Good luck banning foreign owners if 20% of your state GDP is real estate deals
(real numbers for British Columbia; they also tried foreign buyer tax,
although the Chinese figured out some loopholes). Good luck banning foreign
investments if millions of local jobs exist solely to make the companies look
like better investments, and millions more are tied to advertising,
accounting, cloud and other services provided to VC-backed companies.

You can't stop the slowly accumulating long-term effects without a
considerable mid-term depression, and no politician will go for it because the
majority of voters is very short-sighted.

------
gfodor
> Central bank rate setting is basically an adjustable rate mortgage for
> states and their entire economic systems.

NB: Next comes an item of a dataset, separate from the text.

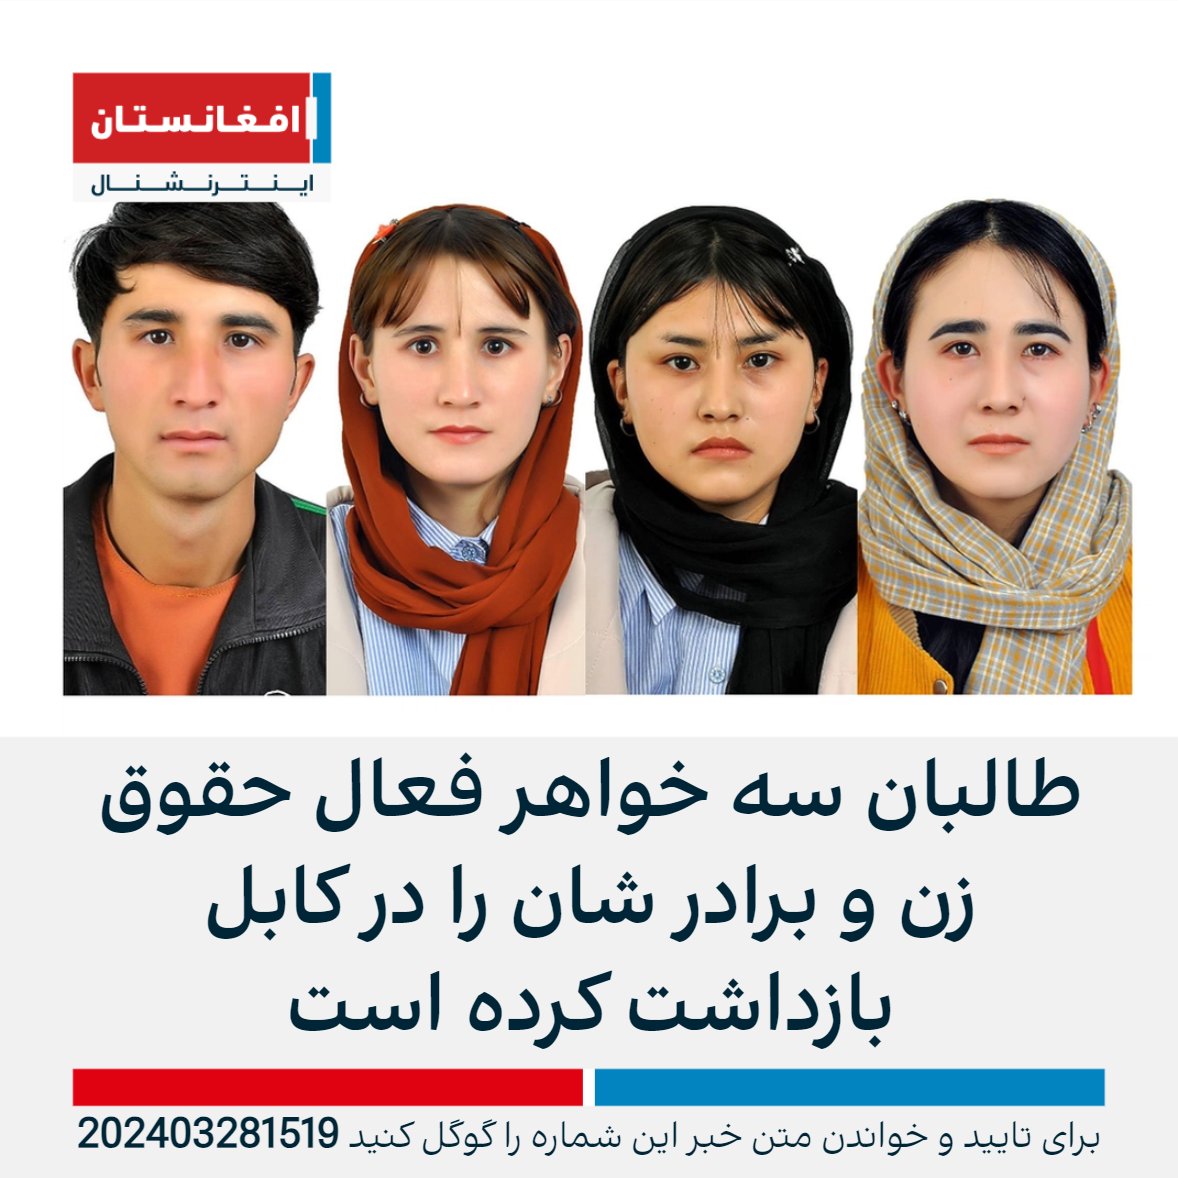 منابع آگاه به افغانستان اینترنشنال گفتند که طالبان سه خواهر فعال حقوق زنان و برادر آنها را در منطقه دشت برچی در غرب کابل بازداشت کرده و به جای نامعلومی منتقل کرده است. به گفته منابع، این سه خواهر عضو جنبش زنان عدالت خواه افغانستان اند. afintl.com/202403281519

The debt markets are complex but at a high level, this is an absurd analogy.
The debt the author is worried about are largely based upon fixed interest
rates for the life of the debt. As such, one can write down on a piece of
paper the obligations borrowers have, and they will not change over time due
to the structure of the debt.

If one is going to write an article about predictions based upon the interest
rate markets, one needs to do better than "wow, look at all this debt, surely
it will not be possible for parties to meet their expected obligations!" If we
were in a _high_ rate environment, would one argue there is _less_ default
risk? It doesn't make sense.

If you're going to make a prediction, make a prediction. Don't just say
"countries will default" if you can't explain what chain of causality gets you
there. High debt loads with low rates do not cause defaults: other events do,
ones that are hard or impossible to predict. So the analysis contains zero
real predictions or information, other than claiming that somehow an
unexpected crisis will be made worse by the debt. It seems equally likely as
not that debt will exacerbate whatever the next crisis is, it seems
_extremely_ unlikely that it will be the root cause.

------
eranimo
> Well of course we shouldn’t have funded state entitlement programs with
> trillions in low-interest debt and ensured our governments and, by
> extension, our societies were addicted to low interest rate revolving credit
> facilities writ large.

The author doesn't mention the single largest source of increase in federal
debt the last few years: the military and tax cuts for the wealthy.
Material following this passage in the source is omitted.